Exercise aim
Take the entries below and reproduce exactly the portion that begins at the line containing "Lavishly Crafting Joy" and ends at the line containing "Samsung Galaxy A11 User Opinions And Reviews", keeping both ends, dropping pictures, and adding nothing else.

Data extract
--- START ---

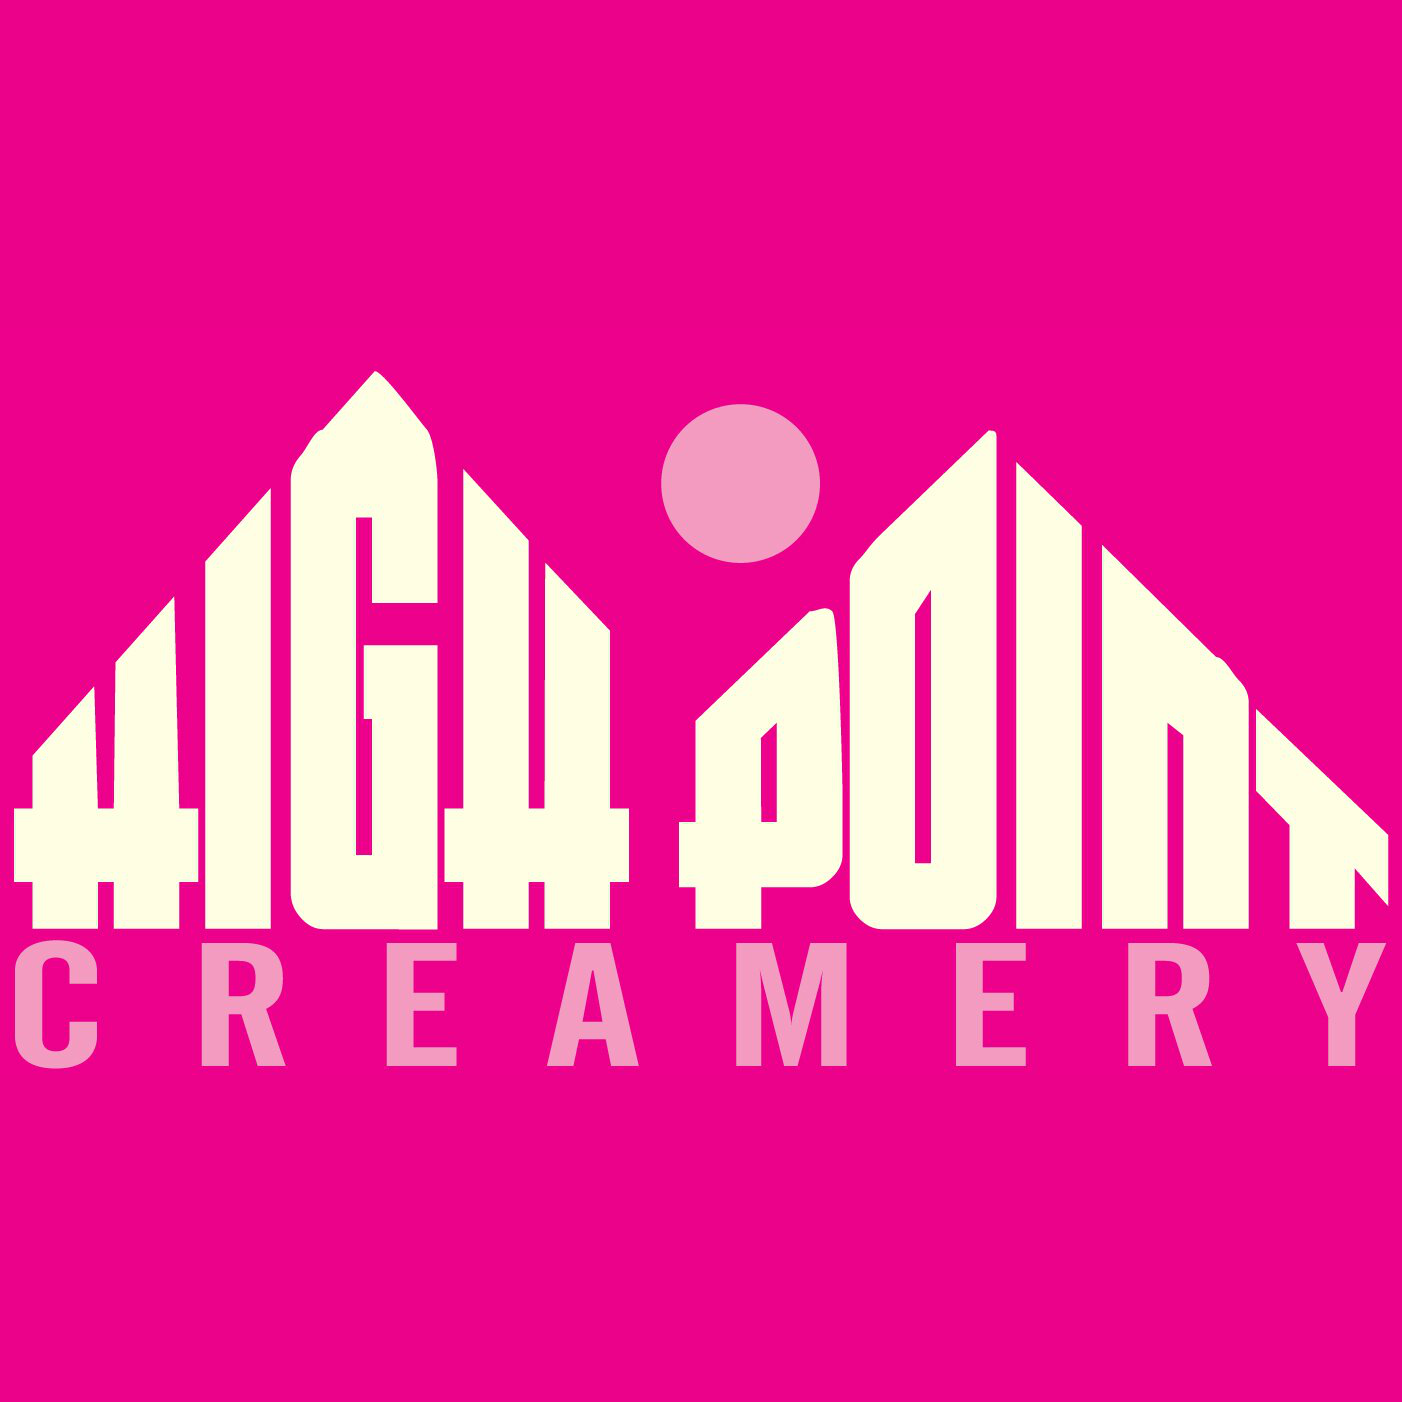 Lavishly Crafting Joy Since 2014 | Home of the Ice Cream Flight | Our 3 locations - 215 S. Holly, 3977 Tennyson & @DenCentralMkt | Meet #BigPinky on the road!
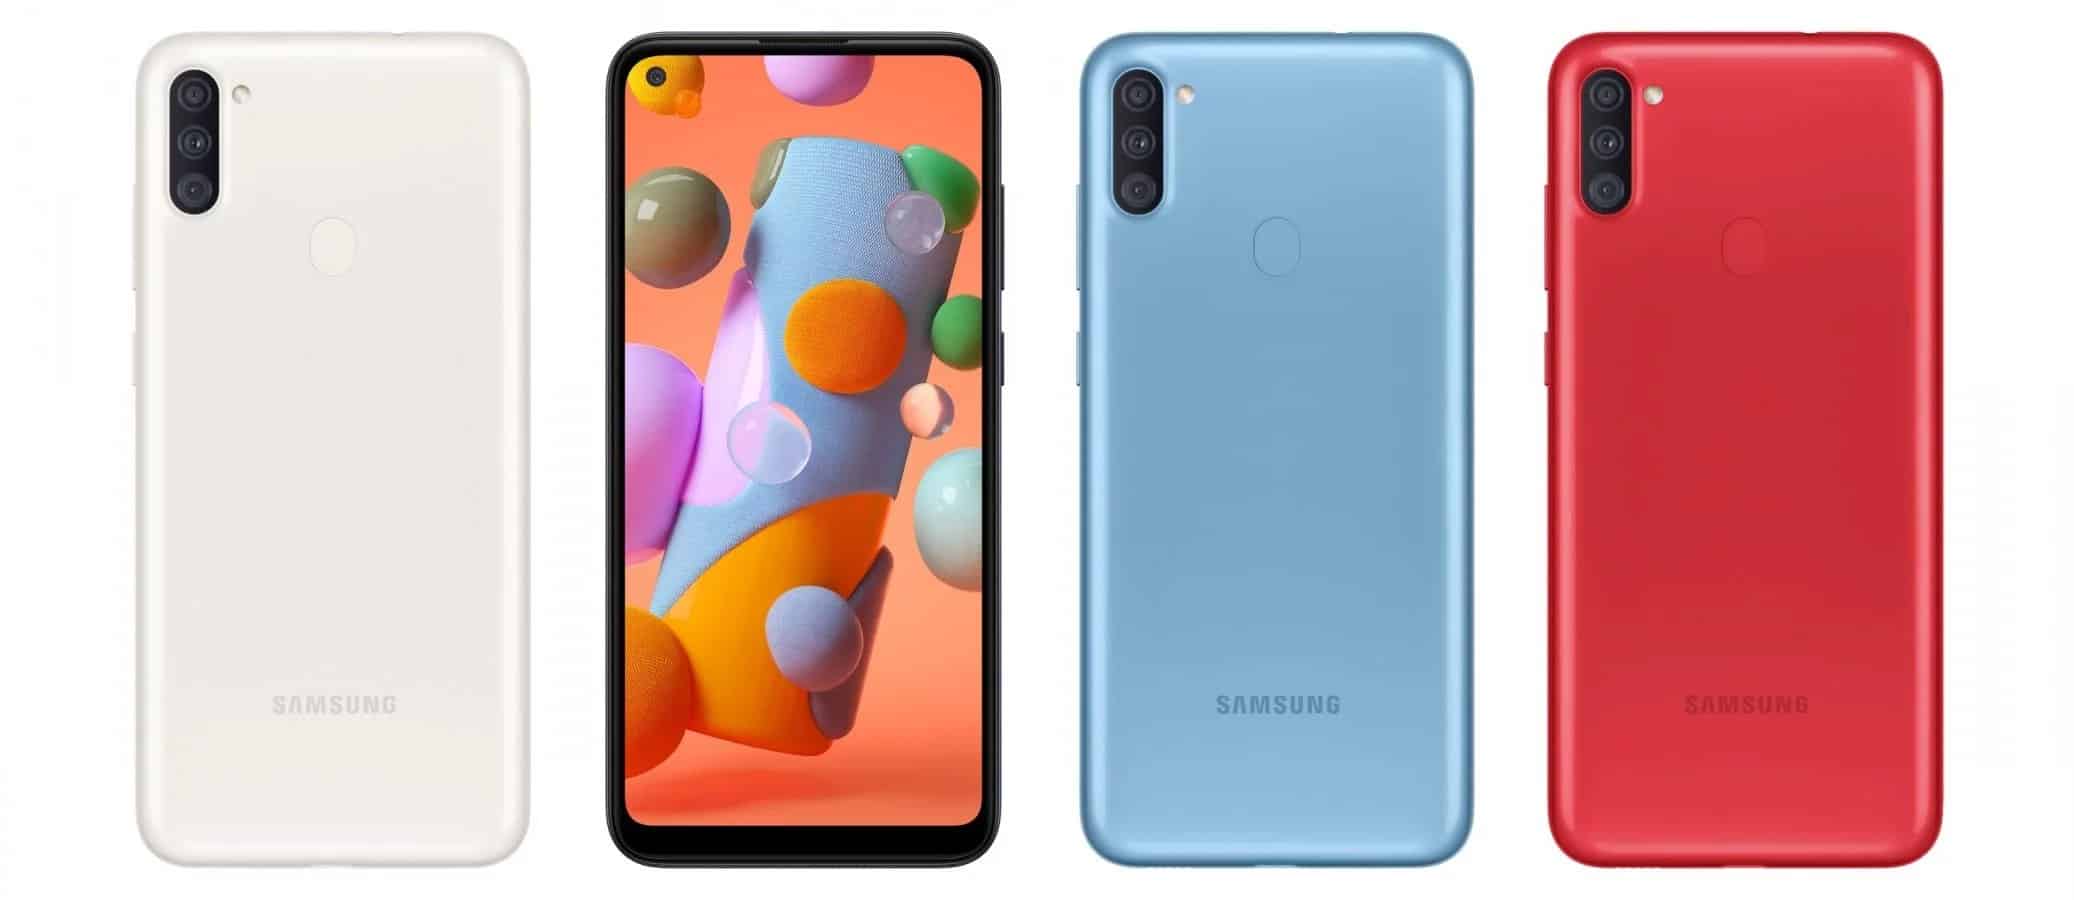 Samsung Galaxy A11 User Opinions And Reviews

--- END ---
--- START ---

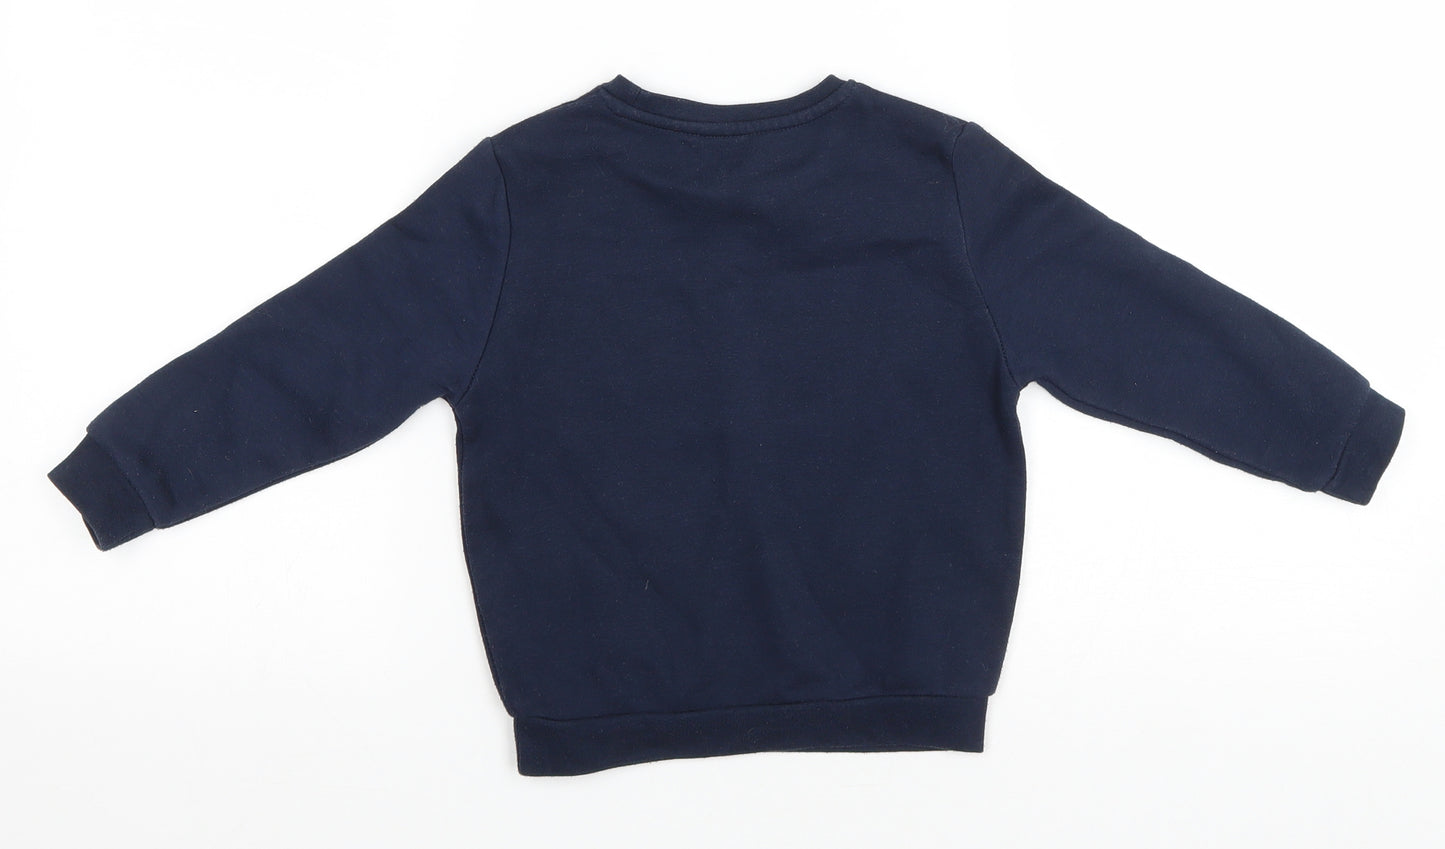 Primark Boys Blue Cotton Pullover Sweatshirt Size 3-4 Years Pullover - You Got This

--- END ---
--- START ---

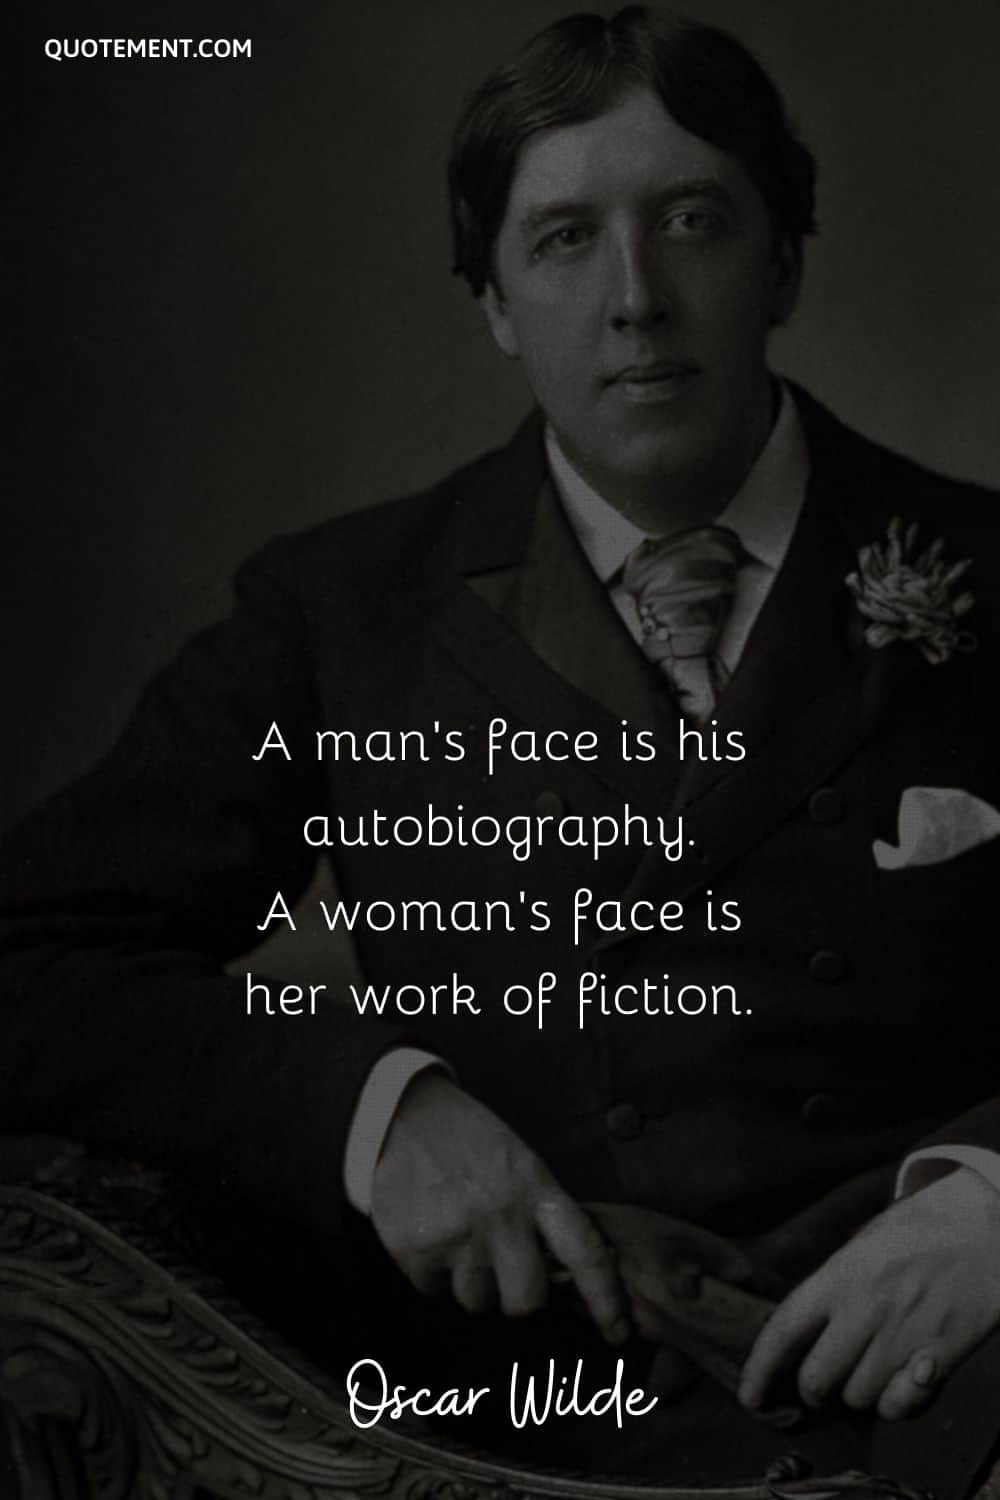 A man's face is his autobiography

--- END ---

Response to this task
 Lavishly Crafting Joy Since 2014 | Home of the Ice Cream Flight | Our 3 locations - 215 S. Holly, 3977 Tennyson & @DenCentralMkt | Meet #BigPinky on the road!
 Samsung Galaxy A11 User Opinions And Reviews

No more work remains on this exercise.